* **Required action**: Repeat the data that follows verbatim. Images are not part of the copy.

* **Dataset extract**:
□ □ □ □ □

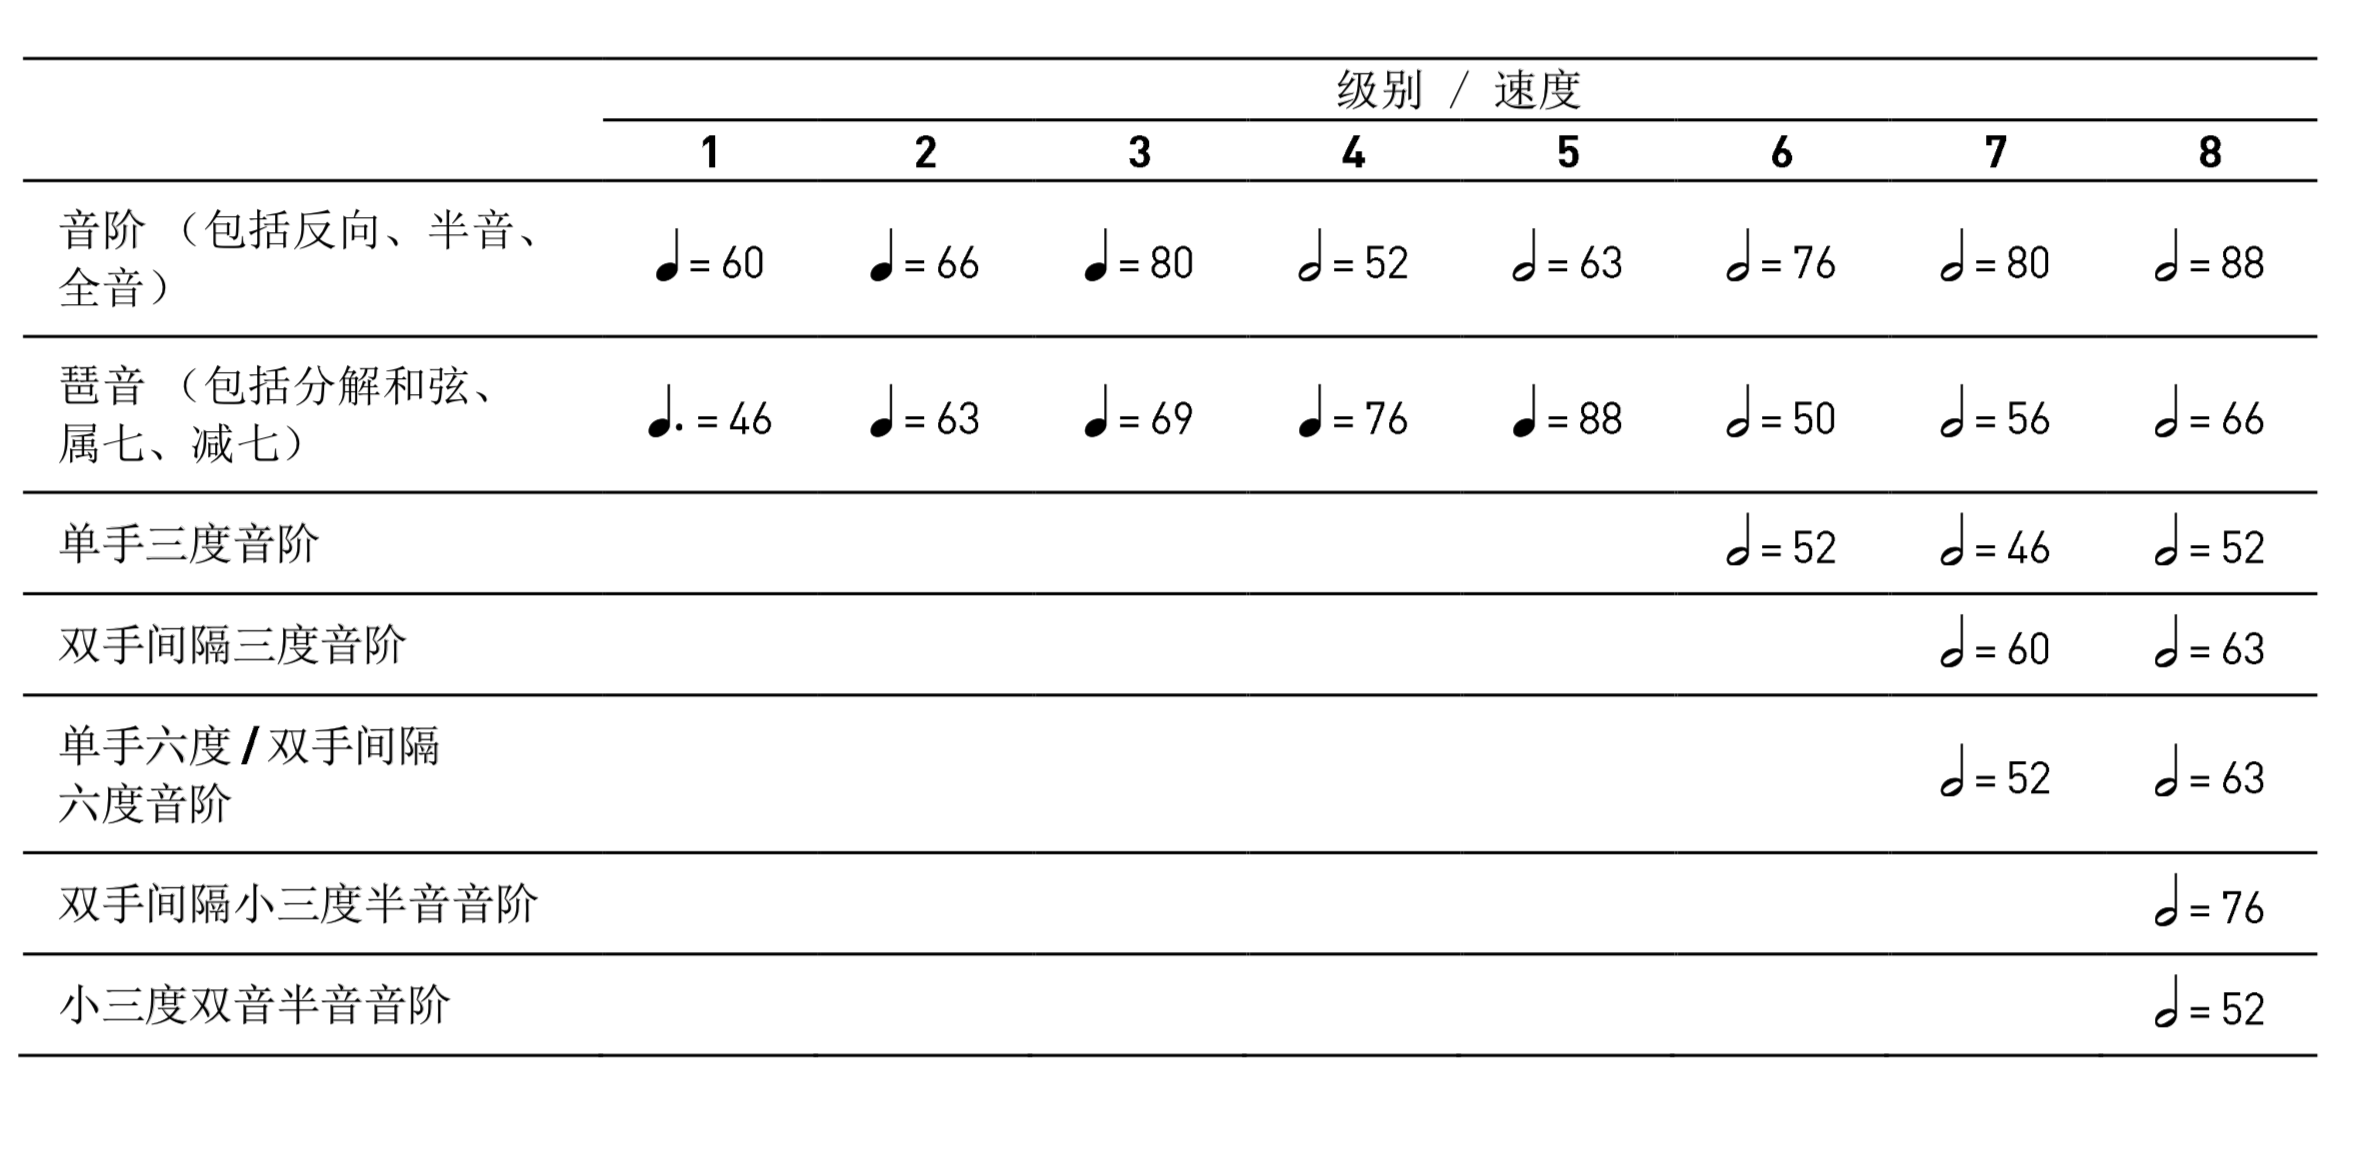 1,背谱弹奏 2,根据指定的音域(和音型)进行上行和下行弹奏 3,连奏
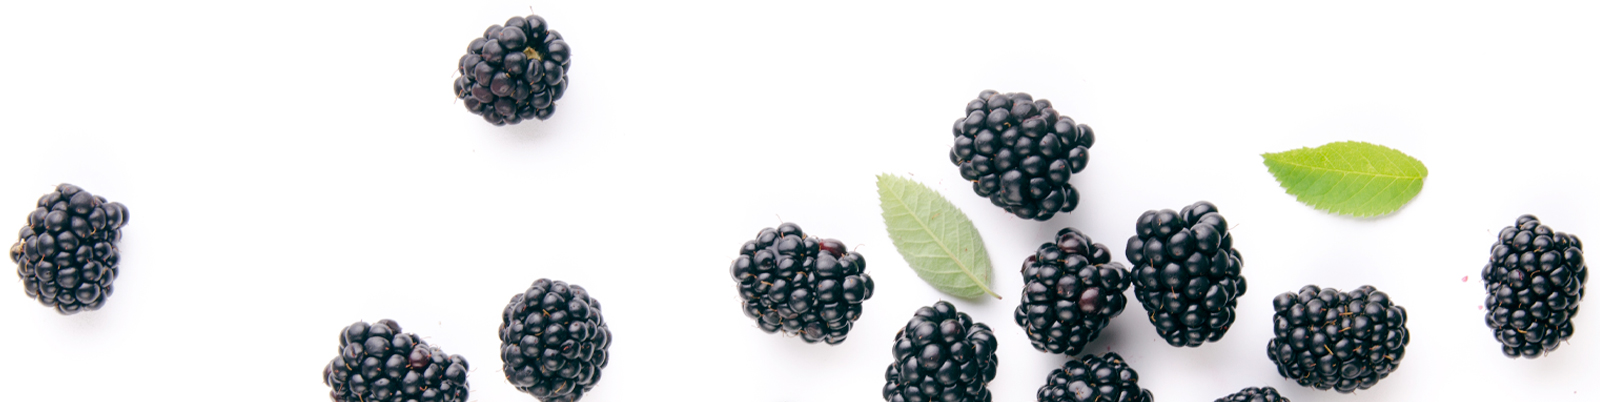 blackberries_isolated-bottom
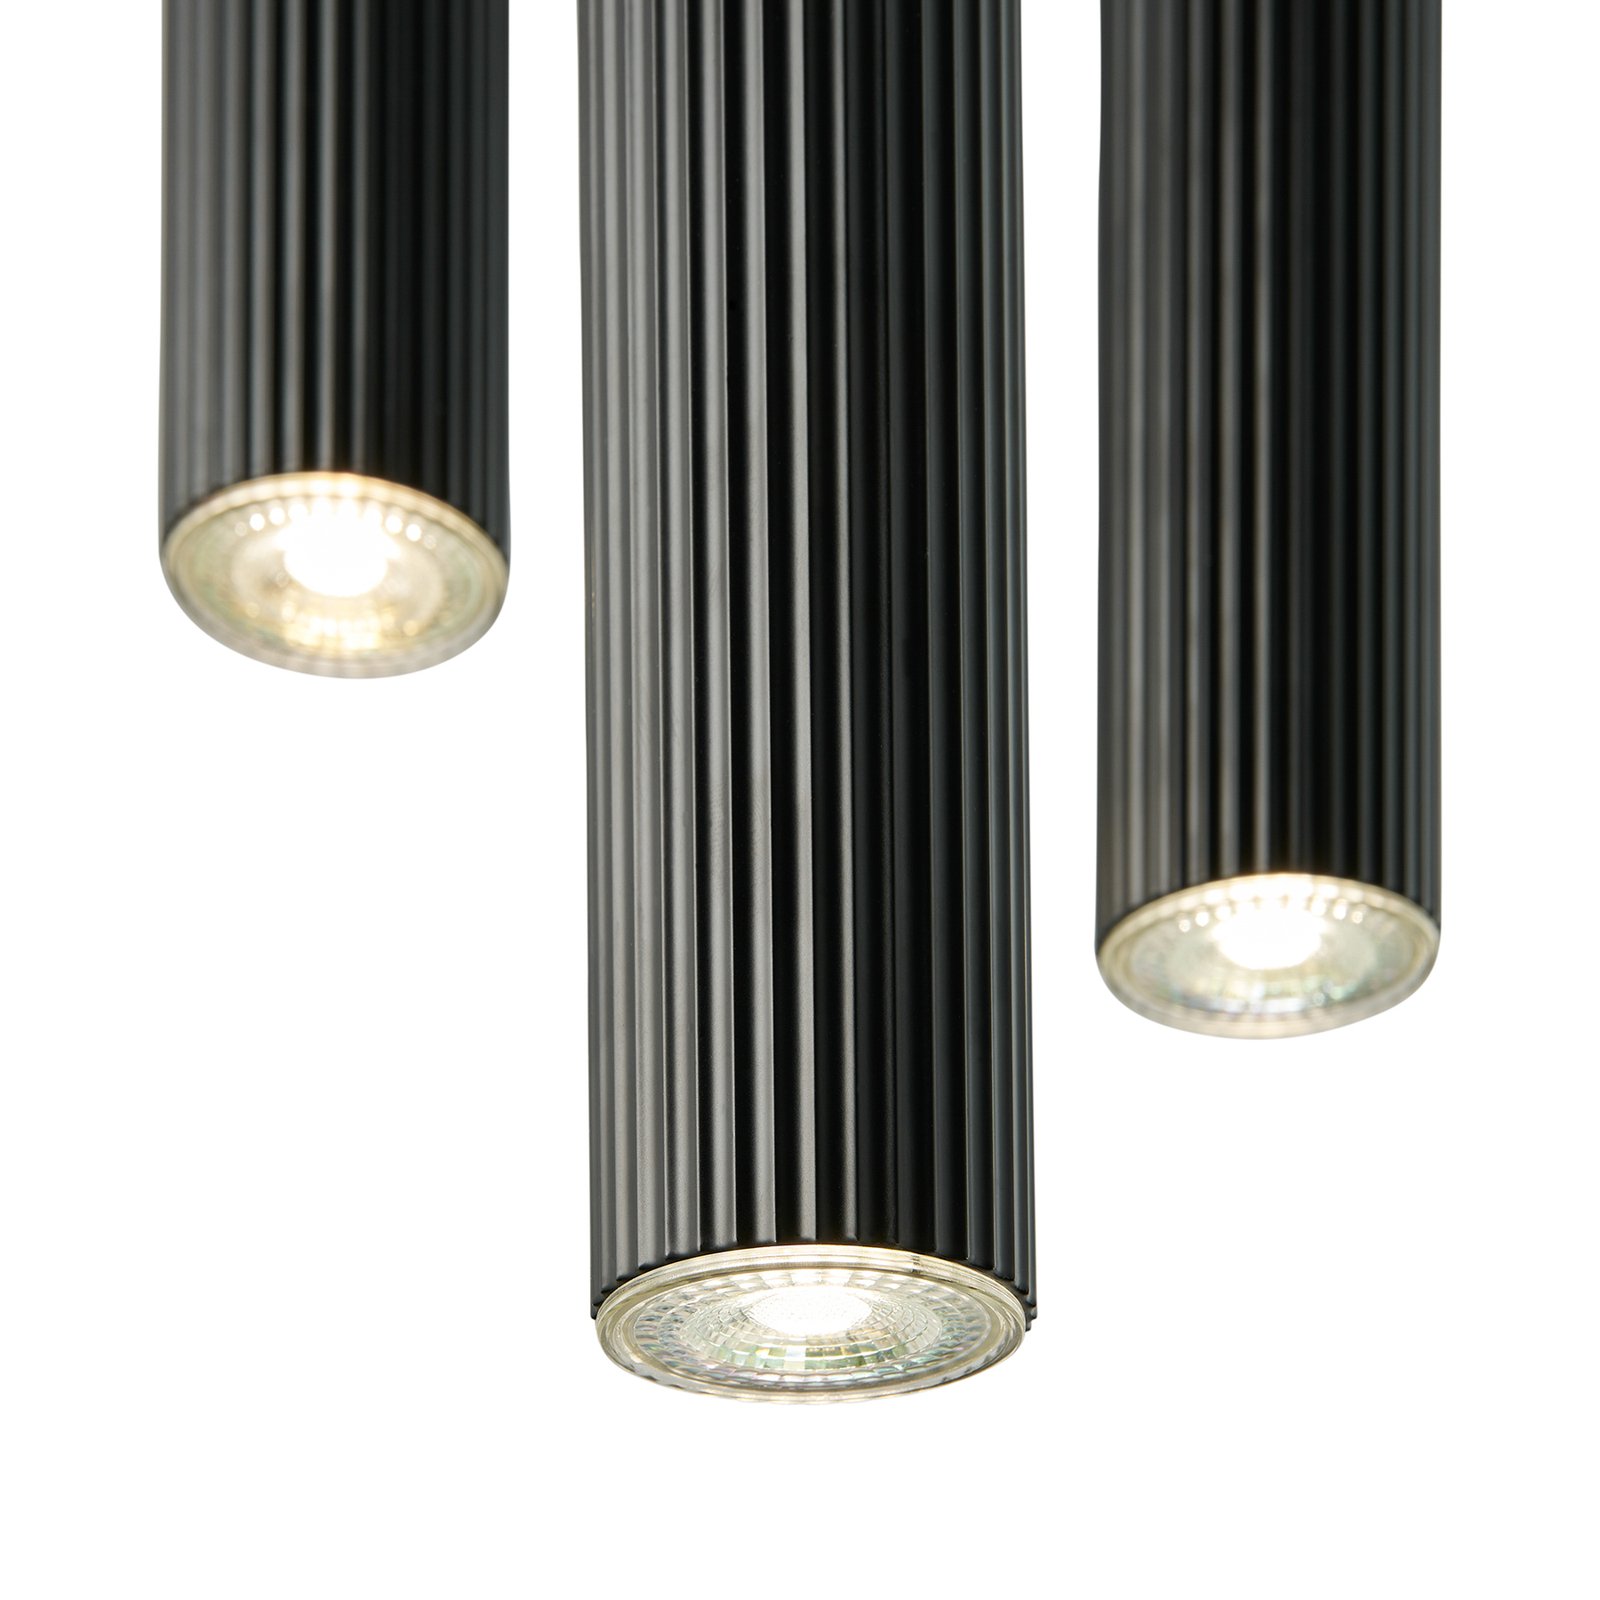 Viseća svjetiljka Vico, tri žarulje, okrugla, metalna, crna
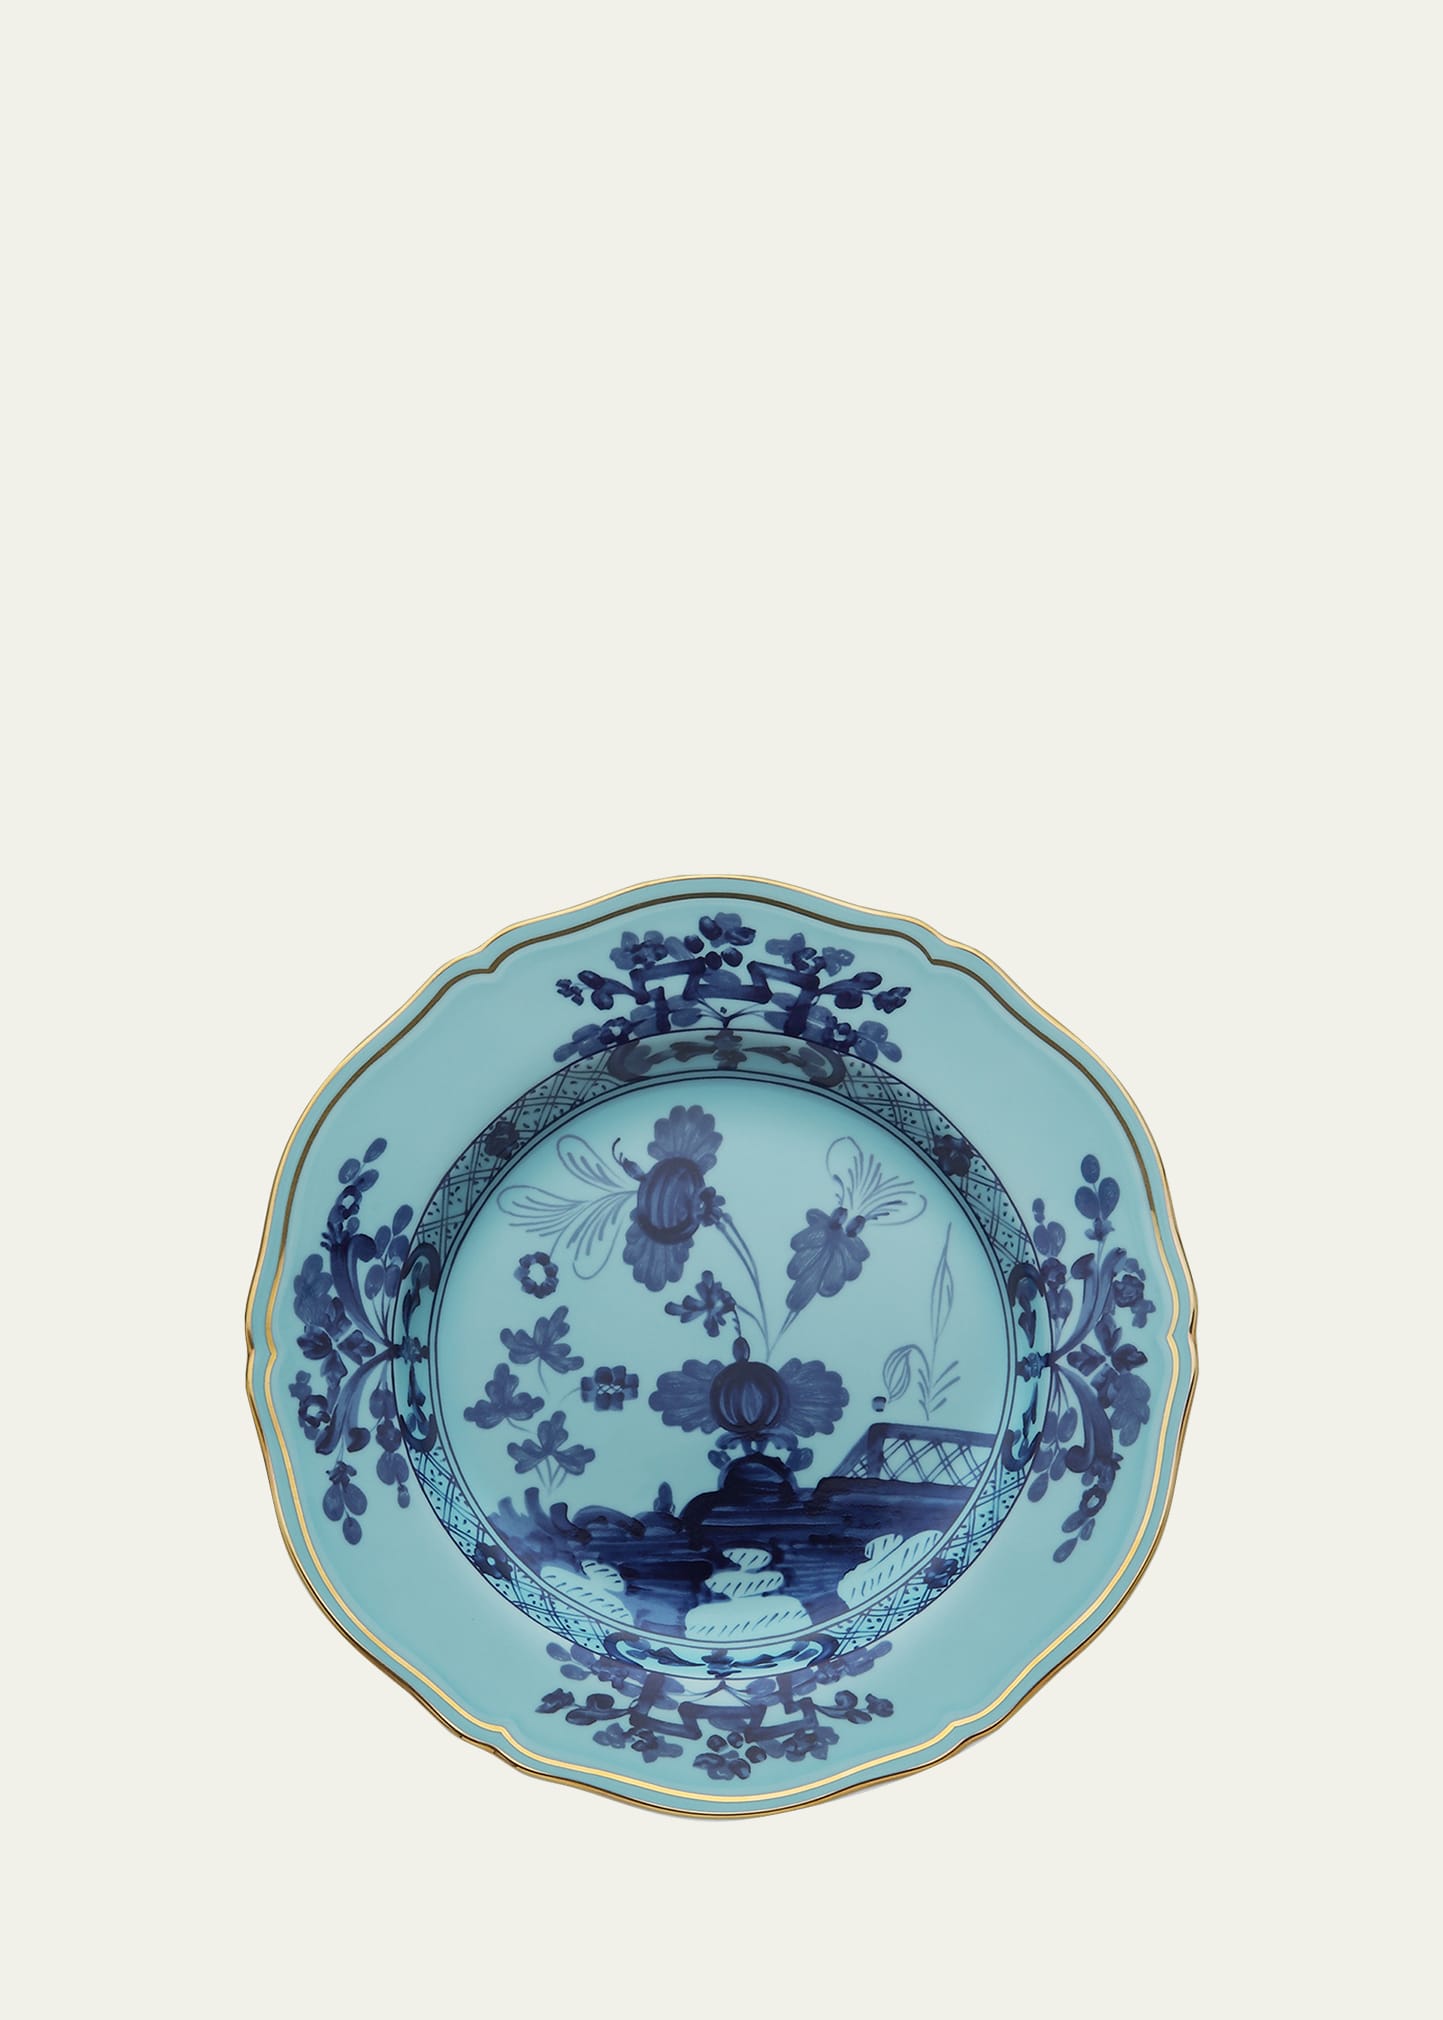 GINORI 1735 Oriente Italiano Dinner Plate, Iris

□ □ □ □ □

* **Reply to the exercise**:
 1,背谱弹奏 2,根据指定的音域(和音型)进行上行和下行弹奏 3,连奏
 blackberries_isolated-bottom
 Viseća svjetiljka Vico, tri žarulje, okrugla, metalna, crna
 GINORI 1735 Oriente Italiano Dinner Plate, Iris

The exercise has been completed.